Complete step-by-step solution:
Given that \[A = {30^\circ },c = 7\sqrt 3 \]and \[C = {90^\circ }\]in triangle \[ABC\].
To find the area of a triangle with this information we need to use basic trigonometry. To do so, we first need to identify the lengths of each side and then use Pythagorean theorem to determine the length of the hypotenuse. That includes the following:
\[A\] is the degree of a triangle's base
\[C\] is the length of a straight-line segment that goes through the vertex and ends at the other two vertices.

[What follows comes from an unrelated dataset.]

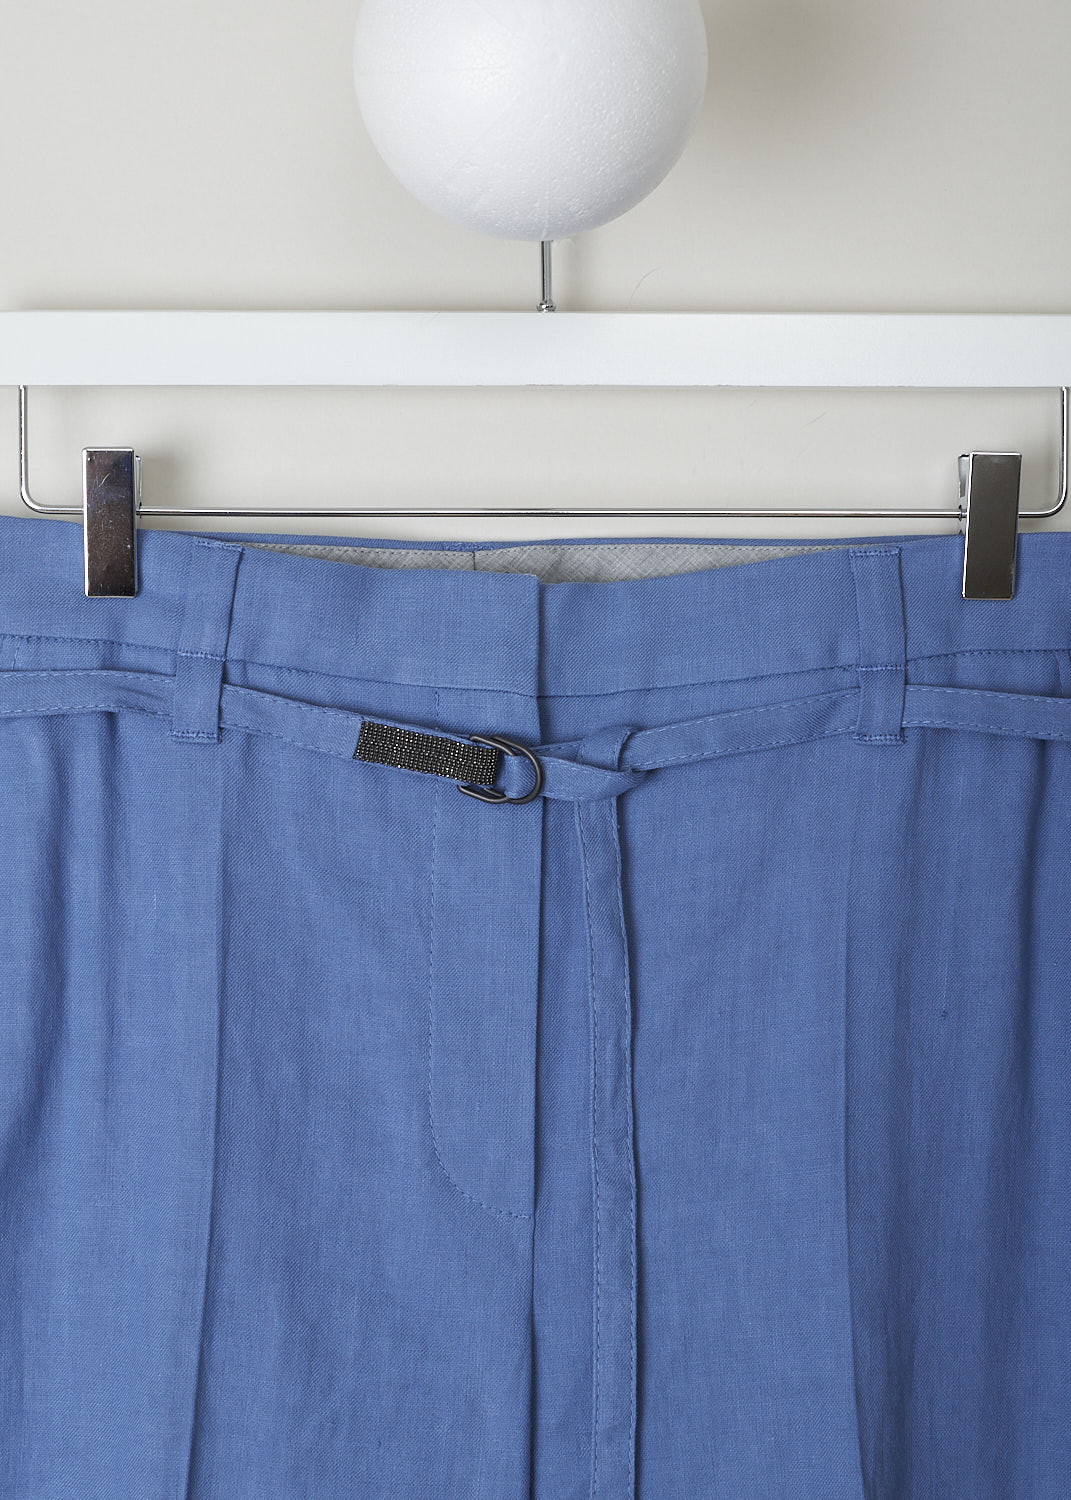 BRUNELLO CUCINELLI, BLUE LINEN PANTS WITH MATCHING BELT, MF591P7453_C8593, Blue, Detail, These blue linen pants have a concealed clasp and zipper closure and a matching fabric belt with a double D-ring buckle. The belt is subtly decorated with Monilli beads. These pants have a pleated front and tapered pant legs with centre creases. In the front, slanted pockets can be found. In the back, these pants have welt pockets.

\[\Delta ABC\] is a right triangle
Lastly, you will use trigonometry to solve for \[a\].
Considering that \[C = {90^\circ }\]
\[a = \frac{{c\sin A}}{{\sin C}}\]
\[a = \frac{{7\sqrt 3 \sin {{30}^\circ }}}{{\sin {{90}^\circ }}}\]
\[a = \frac{{7\sqrt 3 }}{2}\]
So, Option B is correct.
Note:
Making sure that students comprehend how fundamental trigonometry functions is crucial. The altitude (\[A\]), as applied to right triangles, is a measurement of how far the triangle's peak angle rises above the opposing side. Here, \[A\] is at 30 degrees and c is at \[\frac{{7\sqrt 3 }}{2}\]. As a result, the angle between \[A\] and \[C\] is 90 degrees since the perpendicular bisector equally cuts across both positions.